Train a classifier > predict on training set > increase weight of training instances that were predicted wrong > go back to step 1

Important con: sequential instead of parallel training is slow.

Predictors are weighted based on their training set accuracy.

Weighted error rate of the j'th predictor:
$$r_j = {\sum_{i=1}^{m} w^{(j)}_i \cdot \mathbb{1}(y_i \neq \hat{y}_i^{(j)})}$$
${\hat{y}_j}^{(i)}$ is the j'th predictors prediction for the i'th instance

The weight is then calculated via: (alpha j is weight of predictor j, eta is the learning rate)
$$\alpha_j = \eta \log\left(\frac{1-r_j}{r_j}\right)$$

Weight update rute:
- if the prediction is right, no weight change
- if the prediction is wrong, ${w^{(i)}} = {w^{(i)}}{e^{(\alpha_j)}}$

Lastly, all weights get normalized so they sum to 1. Predictions are made by weighting the predictors by $\alpha_j$

$$\hat{y}(\mathbf{x}) = \underset{k}{argmax} \sum_{j=1}^{N} \alpha_j \cdot \mathbb{1}(\hat{y}_j(\mathbf{x}) = k)$$

In [73]:
from sklearn.ensemble import AdaBoostClassifier

adaClf = AdaBoostClassifier(
    DecisionTreeClassifier(max_depth=1), # this is the default, a "decision stump"
    n_estimators=100,
    learning_rate=0.5,
    random_state=42,
    algorithm="SAMME" # this is the default, and is modified from the adaboost given above
)

adaClf.fit(Xtrain, ytrain)
adaClf.score(Xtest, ytest)

0.896

## Gradient Boosting

Similar conceptually to AdaBoost, but instead of tweaking weights, Gradient Boosting fits the new predictor to the *residual errors* made by the previous predictor.

In [76]:
# Gradient Boosting walkthru

import numpy as np
from sklearn.tree import DecisionTreeRegressor

m = 100 # n instances
rng = np.random.default_rng(seed=42)
X = rng.random((m,1)) - 0.5
noise = .05 * rng.standard_normal(m)
y = 3 * X[:,0]**2 + noise

treeReg1 = DecisionTreeRegressor(max_depth=2, random_state=42)
treeReg1.fit(X,y)

y2 = y - treeReg1.predict(X)
treeReg2 = DecisionTreeRegressor(max_depth=2, random_state=42)
treeReg2.fit(X,y2)

y3 = y2 - treeReg2.predict(X)
treeReg3 = DecisionTreeRegressor(max_depth=2, random_state=42)
treeReg3.fit(X,y2)

# 1 predicts the val, 2 predicts residuals, 3 predicts residuals of residuals, and so on

In [77]:
# Making predictions
Xnew = np.array([[-.4], [0], [.5]])
sum(tree.predict(Xnew) for tree in [treeReg1, treeReg2, treeReg3])

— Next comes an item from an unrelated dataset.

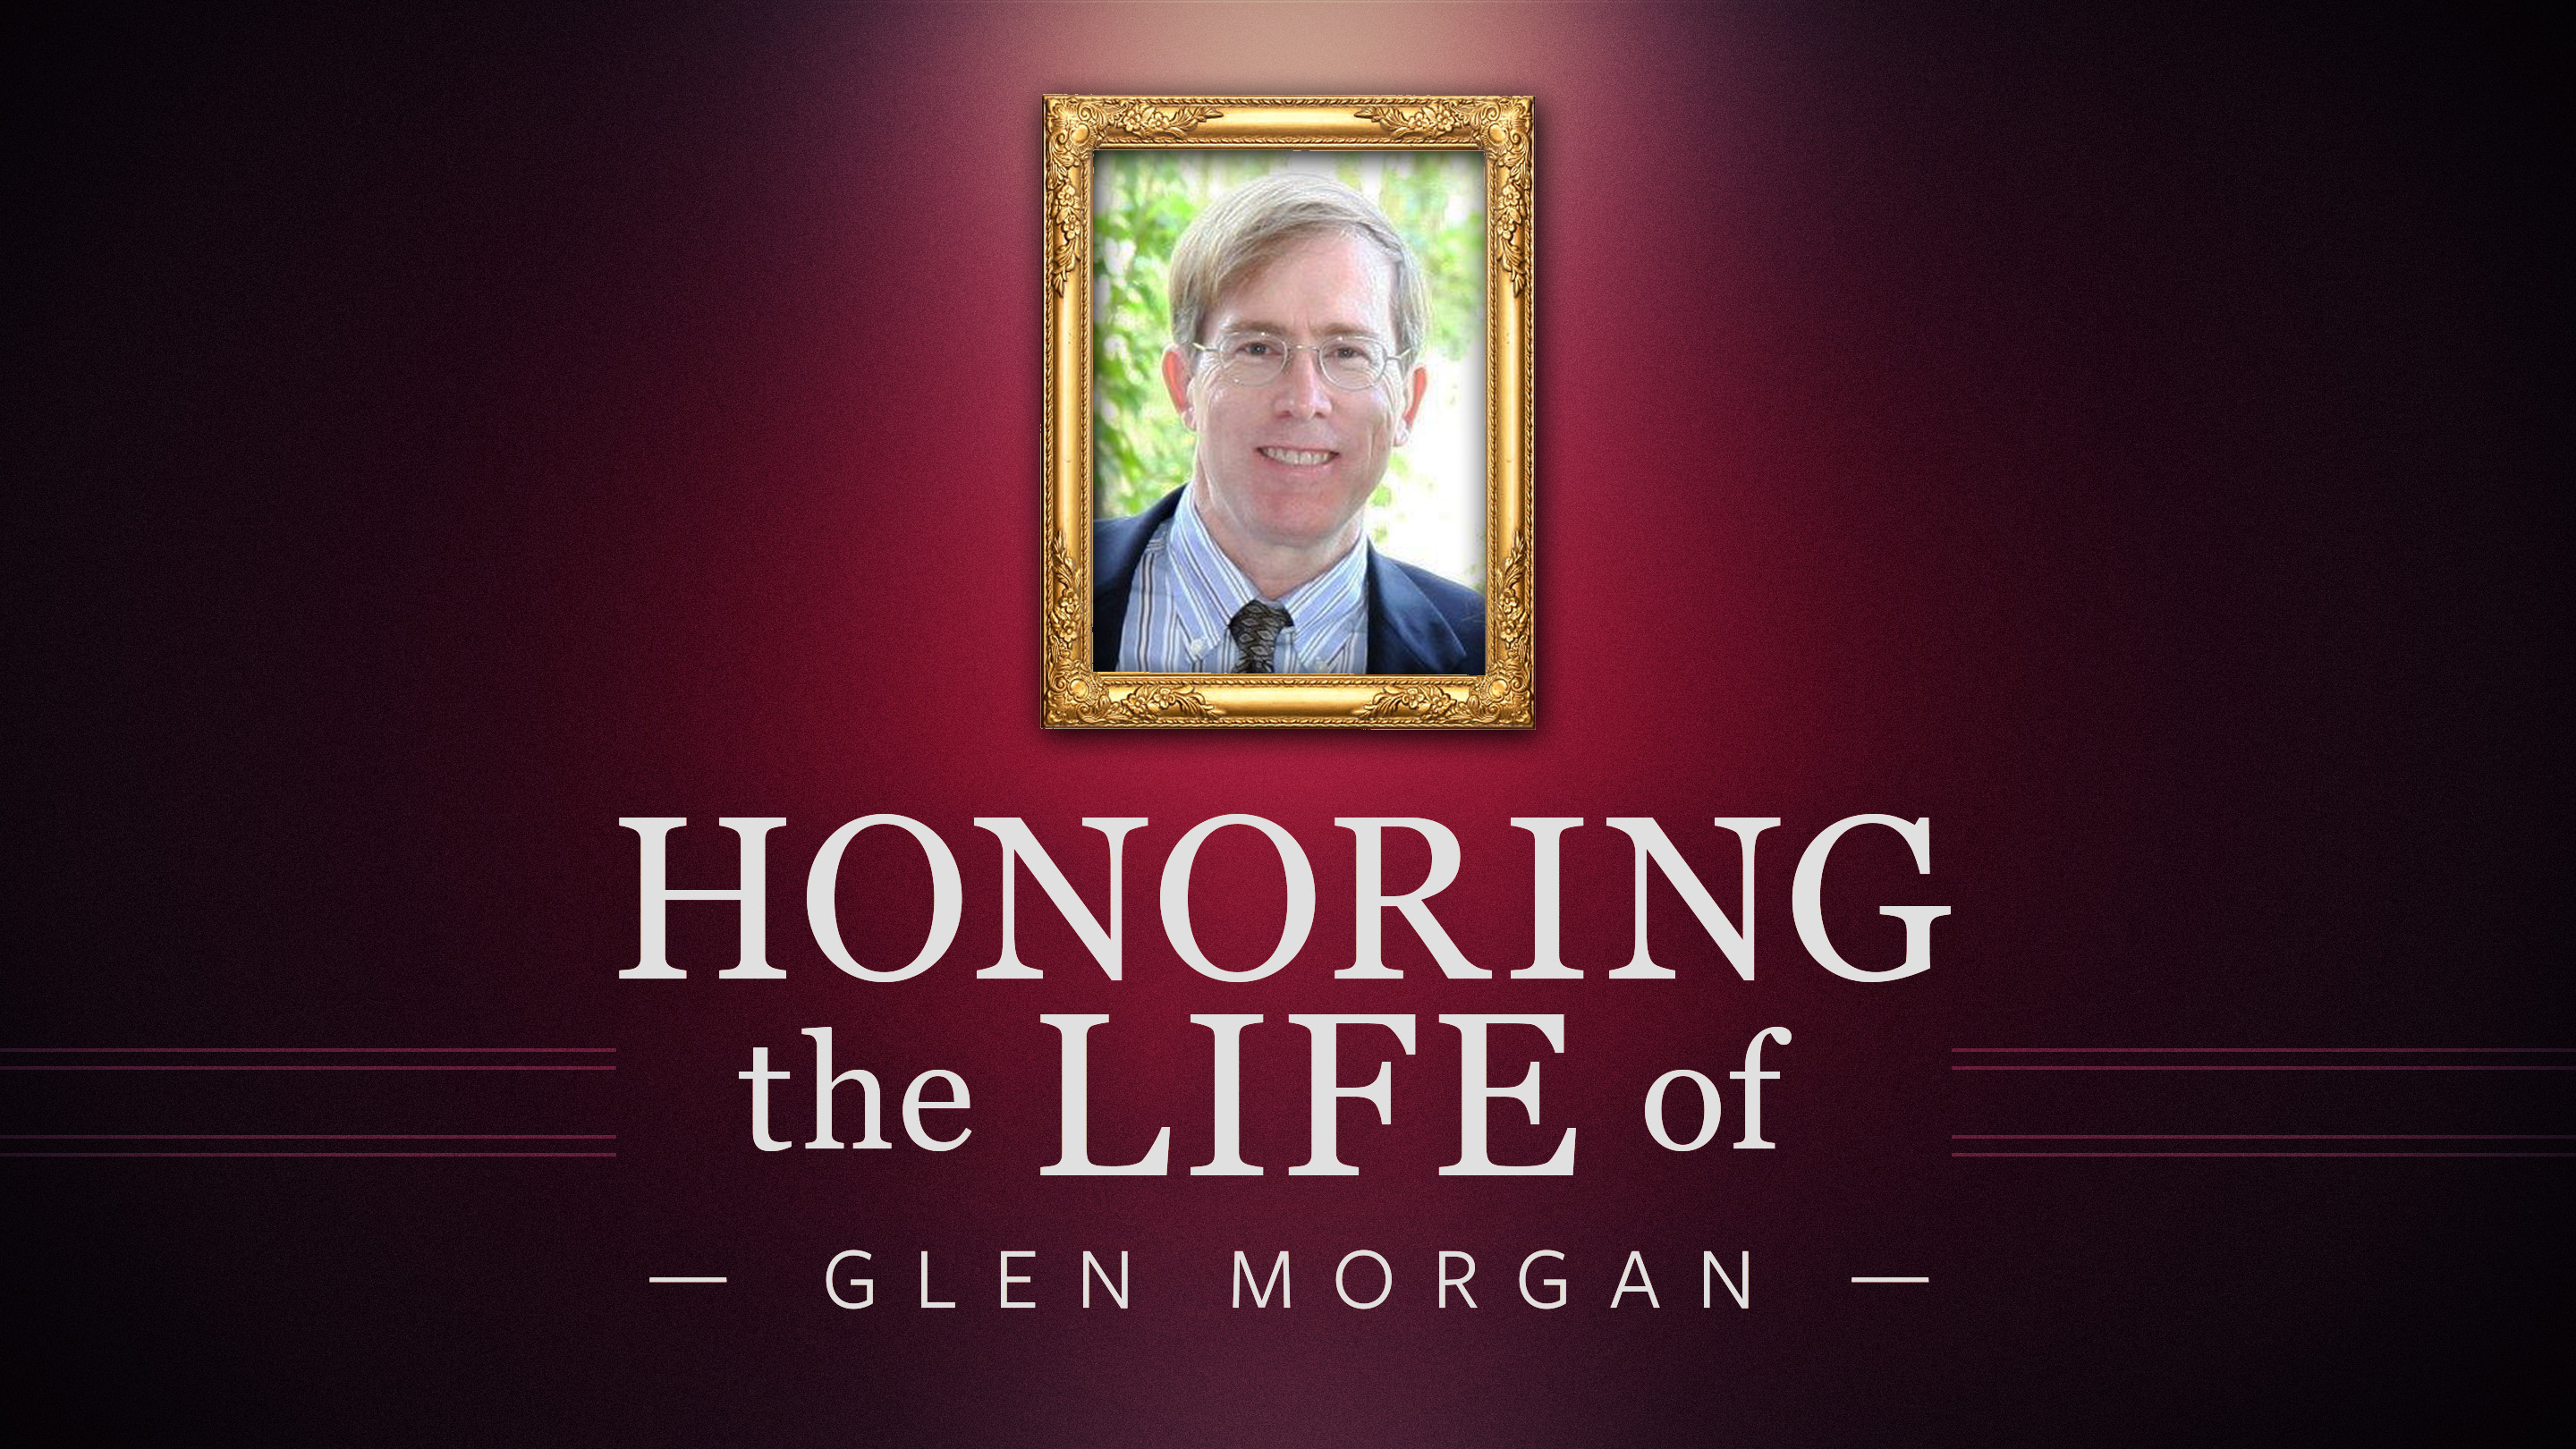 Glen Morgan's Memorial Service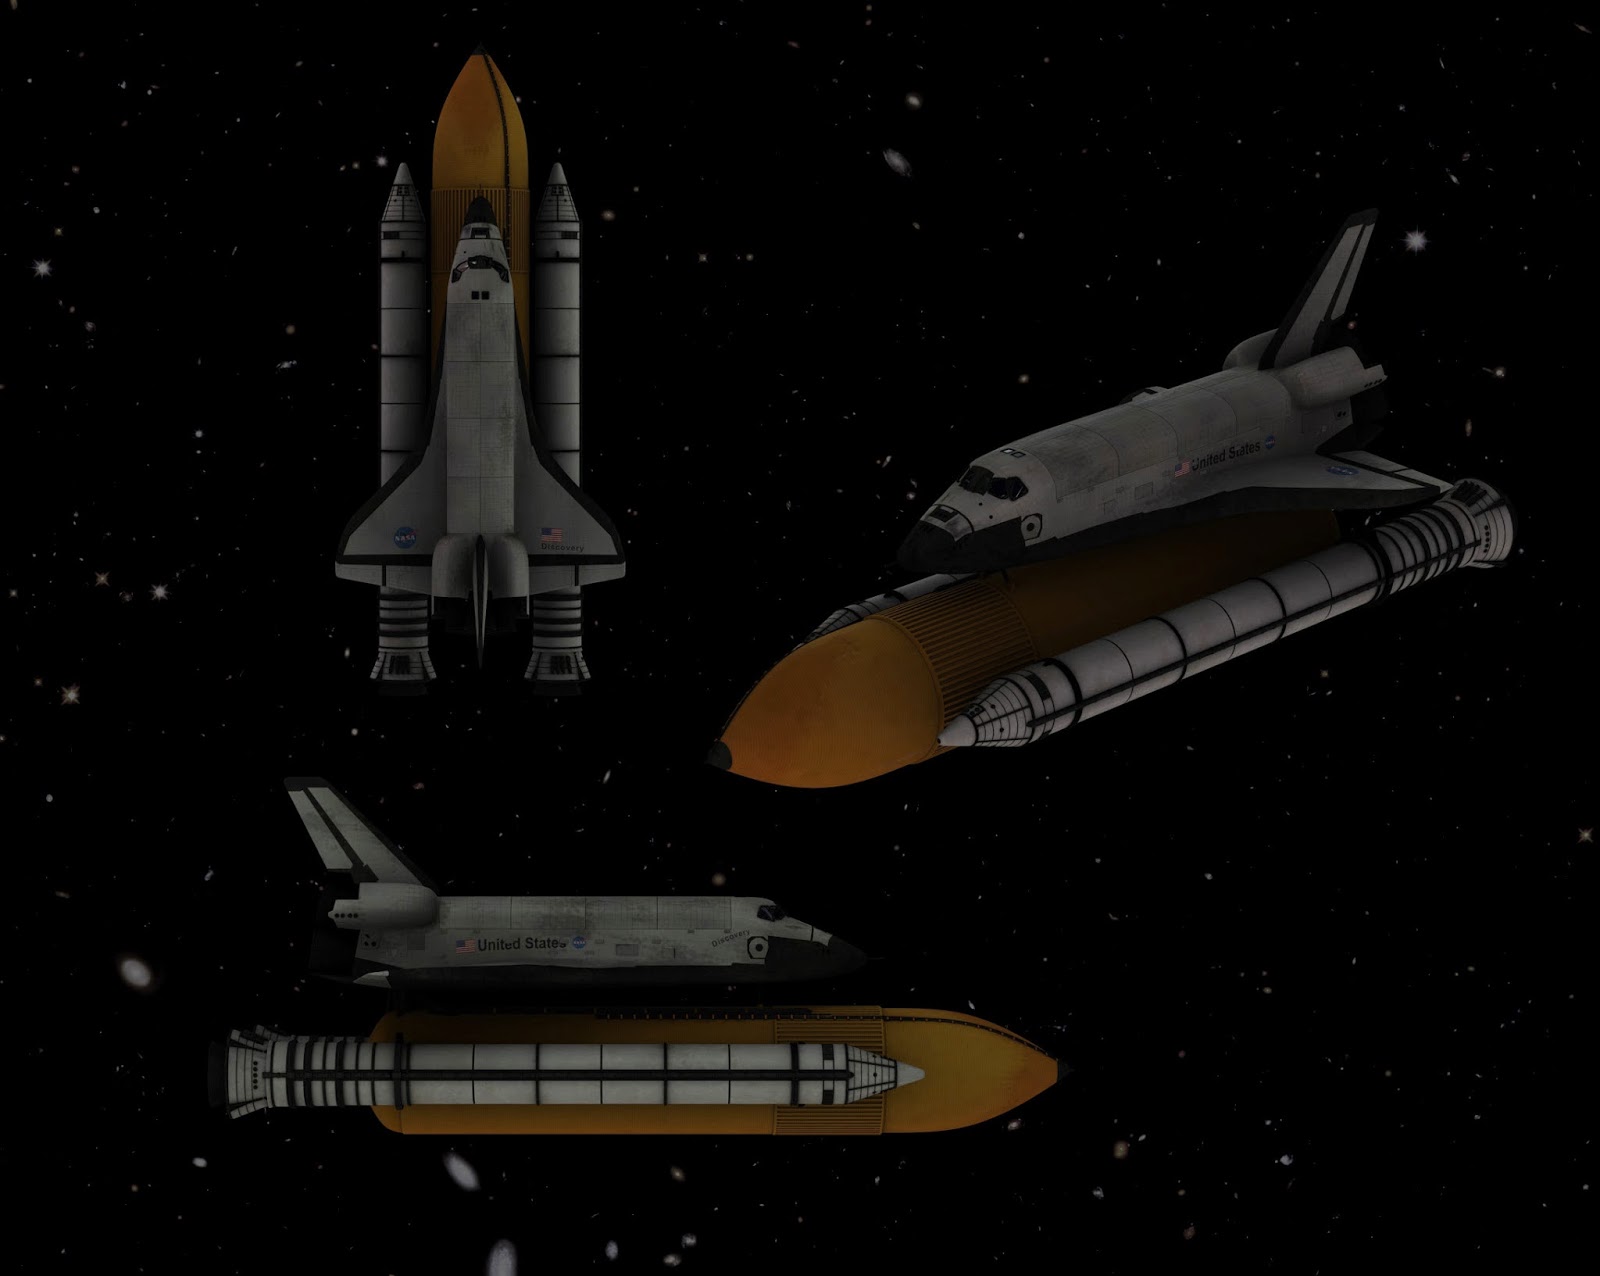 Discovery_Shuttle.jpg

array([0.54781022, 0.06427754, 0.98721801])

In [79]:
# Equivalent to above
from sklearn.ensemble import GradientBoostingRegressor

gradReg = GradientBoostingRegressor(max_depth=2, n_estimators=3, learning_rate=1, random_state=42)
gradReg.fit(X,y)
gradReg.predict(Xnew)
# performs just as poorly (this is a small n of estimators and depth)

array([0.57356534, 0.0405142 , 0.66914249])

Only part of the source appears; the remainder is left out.